Americana and country
Weirdly, Toronto is the place to go for a cool Americana livestream. American Roots hops smoothly from Alison Krauss to Mudcrutch to Glen Campbell. Unlike a lot of online radio stations, the playlist features full credits and also has handy click-back links so you can listen to anything you’ve missed. Nashville’s WSM AM radio station is a great place for a fix of Dolly, Kenny and Merle, as well as good gospel, classic bluegrass, Americana and soothing crossover country/MOR. Founded in 1925, the station is famous as the home of the Grand Ole Opry (a weekly concert thought to be the world’s longest running radio programme) and the website has links to an Opry stream foregrounding contemporary country music as well as podcasts. For a virtual immersion in Nashville’s music heritage, go to visitmusiccity.com.
Aussie indie and community
Adelaide’s Three D is an education for anyone who thinks Aussie indie starts and stops at the Birthday Party. The station, run by volunteers, plays prog, pop, rock, funk and other music by local artists, and gives plenty of airtime to emerging talents. The house rule is that 40% of the content is Australian, half of that South Australian. Canberra’s 2XX FM 98.3, launched in 1976, is one of a kind, playing lots of Aussie music, from folk to metal, and mixing this up with good shows on indigenous music and culture, LGBTIQ topics, mental health and a huge range of ethnic programmes. Filipino, Chinese, Macedonian and African music is aired, with knowledgeable DJs explaining the more exotic stuff.

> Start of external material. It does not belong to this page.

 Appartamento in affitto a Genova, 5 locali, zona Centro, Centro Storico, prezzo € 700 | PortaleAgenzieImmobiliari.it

Argentina is not all about tango. The largely rural interior has its own roots music, linked to the Andean cultures of Bolivia and Peru. Radio Folklore 90, though based in the capital, Buenos Aires, is a good place to hear the stirring songs of Mercedes Sosa and Atahualpa Yupanqui, Eduardo Falú, Los Chalchaleros and other artists. Much of the music, known here as “folklore”, emanates from the north-western cities of Tucumán and Salta and tells of the plight of indigenous and mestizo communities, many of which were uprooted in the 20th century.
New York jazz
WBGO, with its tagline “Public radio from the Jazz Capital of the World”, schedules music according to the mood of the hour, so you’ll get “after hours” in the small hours of UK time, but all the hosts have eclectic tastes, spinning everything from standards by Billie Holiday and Duke Ellington to jazz masters like Art Blakey, Jimmy Smith and Wayne Shorter, and crossover and blues artists. A regular host is Bobby Sanabria, a renowned percussionist and bandleader, whose shows accent Latin jazz.

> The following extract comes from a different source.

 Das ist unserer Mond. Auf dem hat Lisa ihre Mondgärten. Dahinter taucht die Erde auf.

Where do you start? Well, probably not by trying to stream local radio stations. From Lagos to Nairobi to Jo’burg, almost all the ones I tried crashed, or the URLs were defunct. For an aural tour of the most diverse continent for contemporary music, take a wander along to Okay Africa, where there’s a sampler of songs from Ghana, Nigeria, east Africa and South Africa. The site links to Spotify so you can hear the full tracks there. At Mixcloud, choose from well curated playlists of South African house, stompin’ Algerian raï and groovy Ghanian high life. If the genres get confusing, check out UK label Real World for an introduction to 14 styles and performers from across Africa.

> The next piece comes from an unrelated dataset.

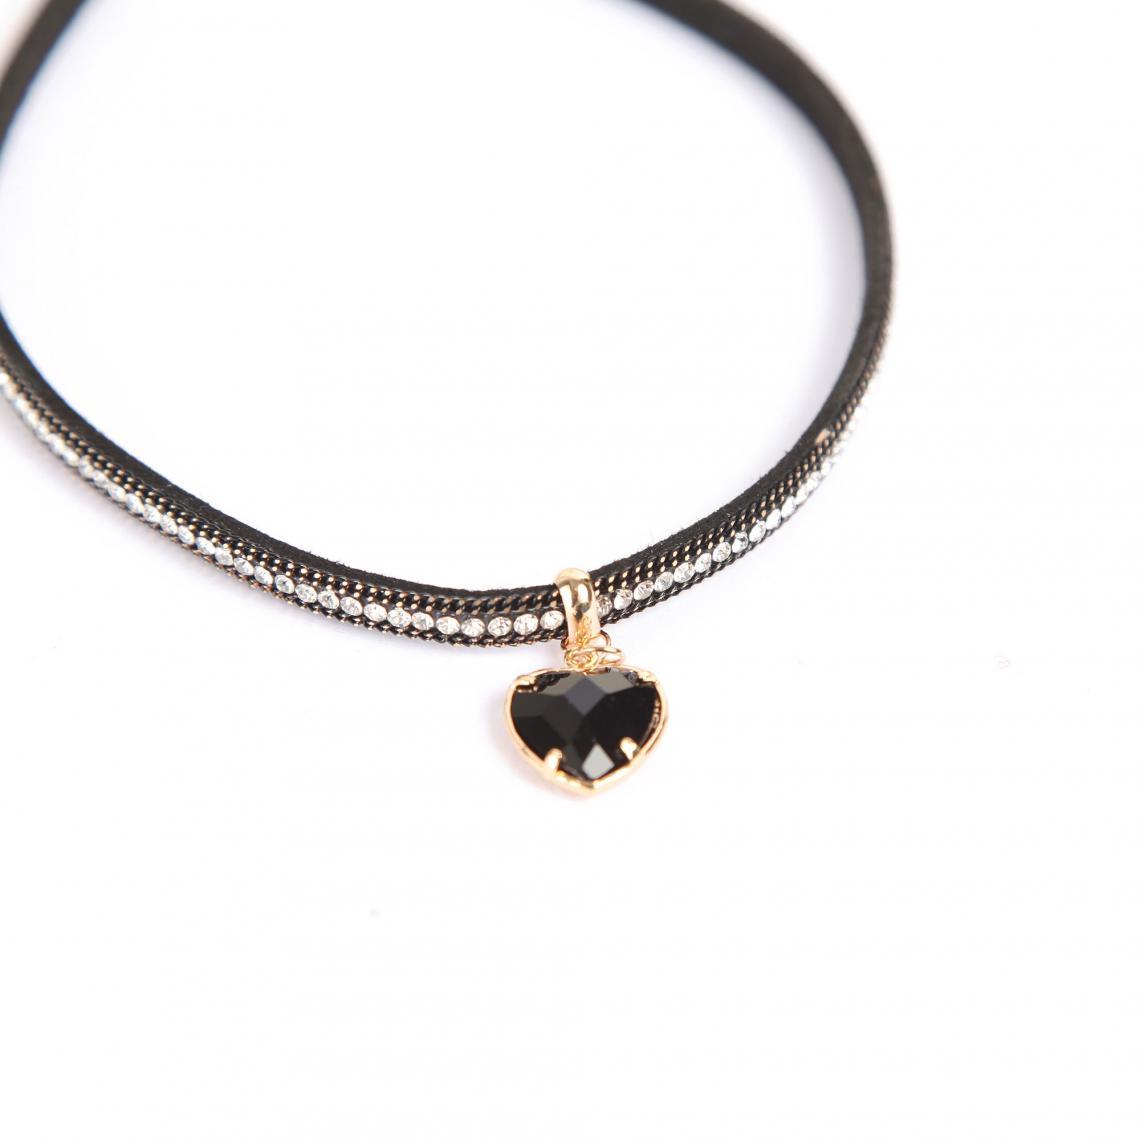 d91c41f24f9 Collier ras-du-cou avec strass fantaisie et pendentif coeur femme - Noir  Venca

Broadcasting in English from the South Korean island of Jeju, Arirang plays a lot of K-Pop – which is as varied as pop anywhere else, ranging from smoochy ballads to funk-laced RnB to electronica. Evening shows tend to be more current affairs-focused but the presenters (who are streamed visually, too) play songs between newsbites. There are links to YouTube for songs from earlier programmes.